I Have an Ice-Bridge in Greenland that Might Interest You

Trump, ever the canny master of the news cycle, somehow managed to get everyone talking about buying Greenland this week, mere days after his trusty brother-in-sex-crime Jeffrey Epstein [ahem] killed himself in a Manhattan correctional facility. The Rape Plane flies no more.

Epstein Derangement Disorder thereupon fell across the ToM editorial office, just like every other media outlet or Twitter account worth its salt. It is rare to see a news story reported where the official narrative is instantaneously disbelieved by almost everybody, from Right to Left. Soberer heads at NPR did their duty by coming on to the air to assure everyone that such talk was poppycock, tomfoolery, jibber-jabber, monkeyshines, and horseplay — all of which sounds fucking awesome, actually.

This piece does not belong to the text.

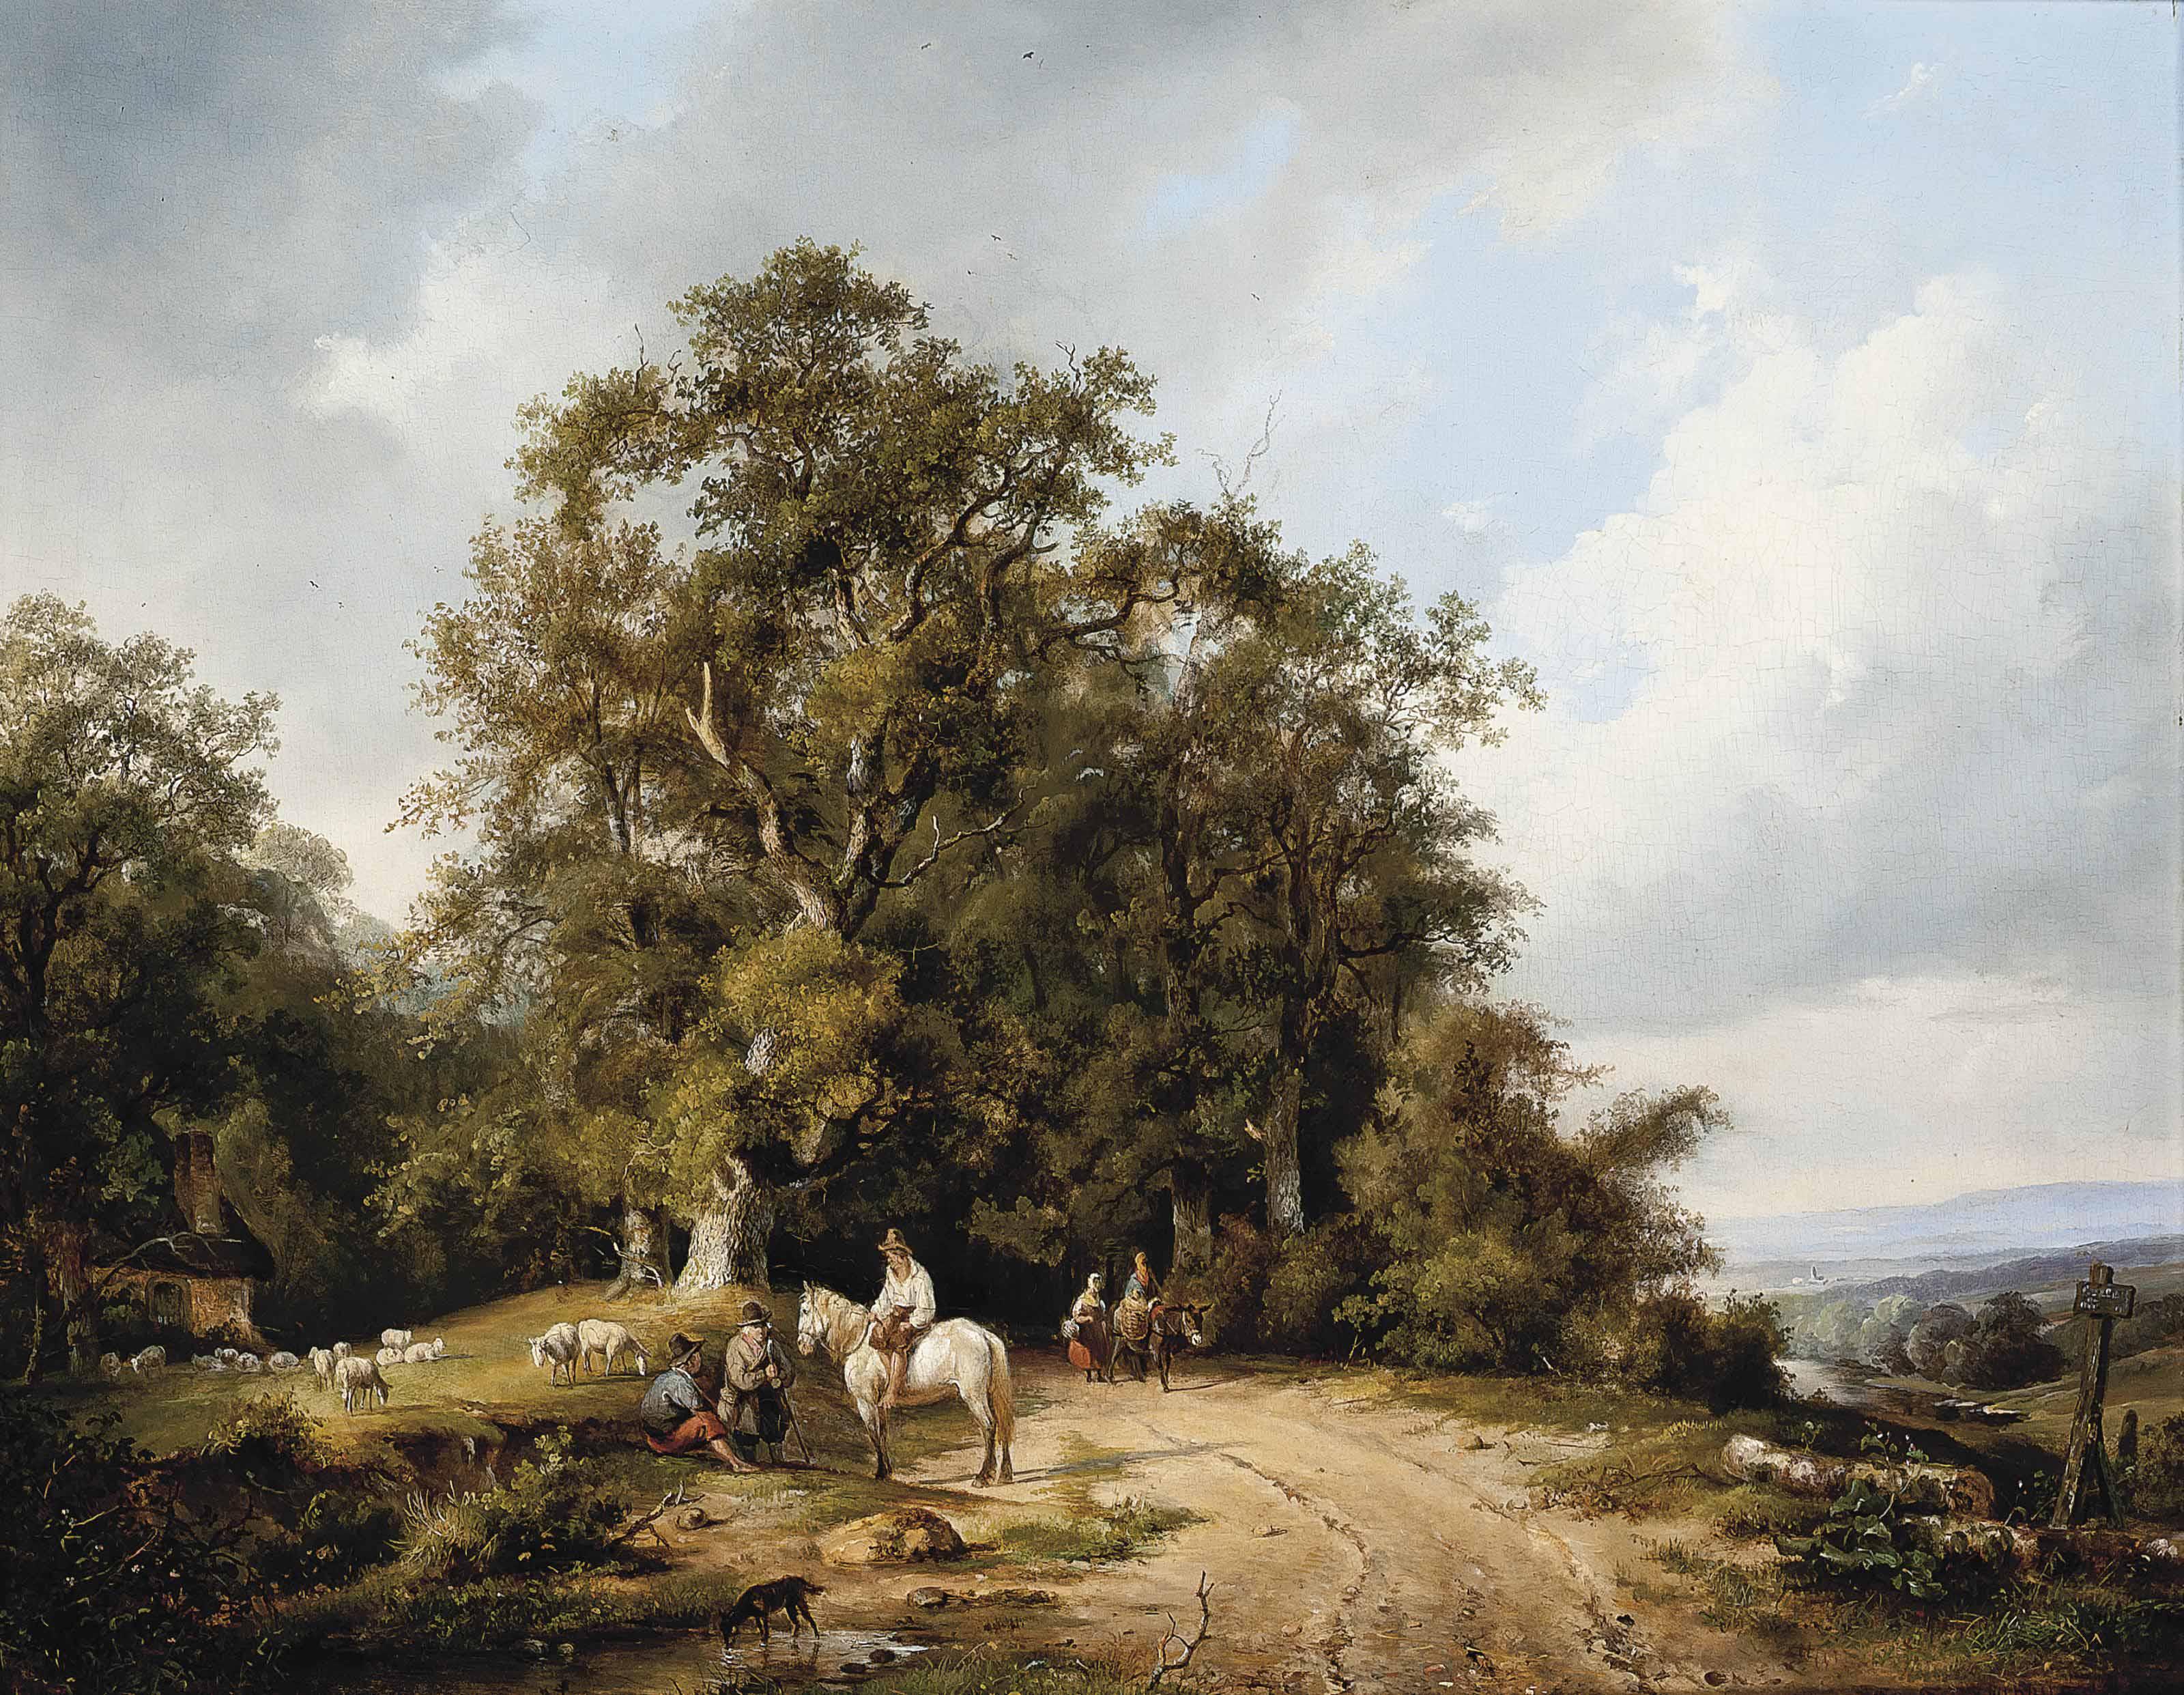 Frans Arnold Breuhaus De Groot (Dutch, 1824-1872)

What’s Bruler than being Brule?

How a high-profile suspect hangs himself mere weeks after another failed suicide [cough] “attempt” went unexplained. Where did those guards go for several hours? What’s the deal with Tartaglione, the mobbed-up ex-cop and quadruple murderer-cum-frontyard-body-burier who was originally placed in Epstein’s cell and allegedly “roughed him up”? Why is there a temple on Eyes Wide Shut island? And what happened to Clay Tiffany?

Also… this:

The head-spinning Epstein saga is a reminder that, as Felix Biederman has said, nothing really changes — all the same things just get weirder and weirder. “President Donald Trump buys Greenland” is the sort of sentence that, once upon a time, Bertrand Russell might have used to show how a sentence can make sense but have no meaning. And yet here we are.

In the meantime, there are things that still make sense, like Bernie and Cardi B, and the Wendy’s Spicy Chicken Sandwich. In fact, the best thing we read this week is Irene Jiang’s mind-opening tour de force (we’re not kidding) “I Ate Chicken Sandwiches from 8 Fast Food Chains, and the Cheapest Was Also the Best.” (Spoiler alert: it’s not the homophobic one.)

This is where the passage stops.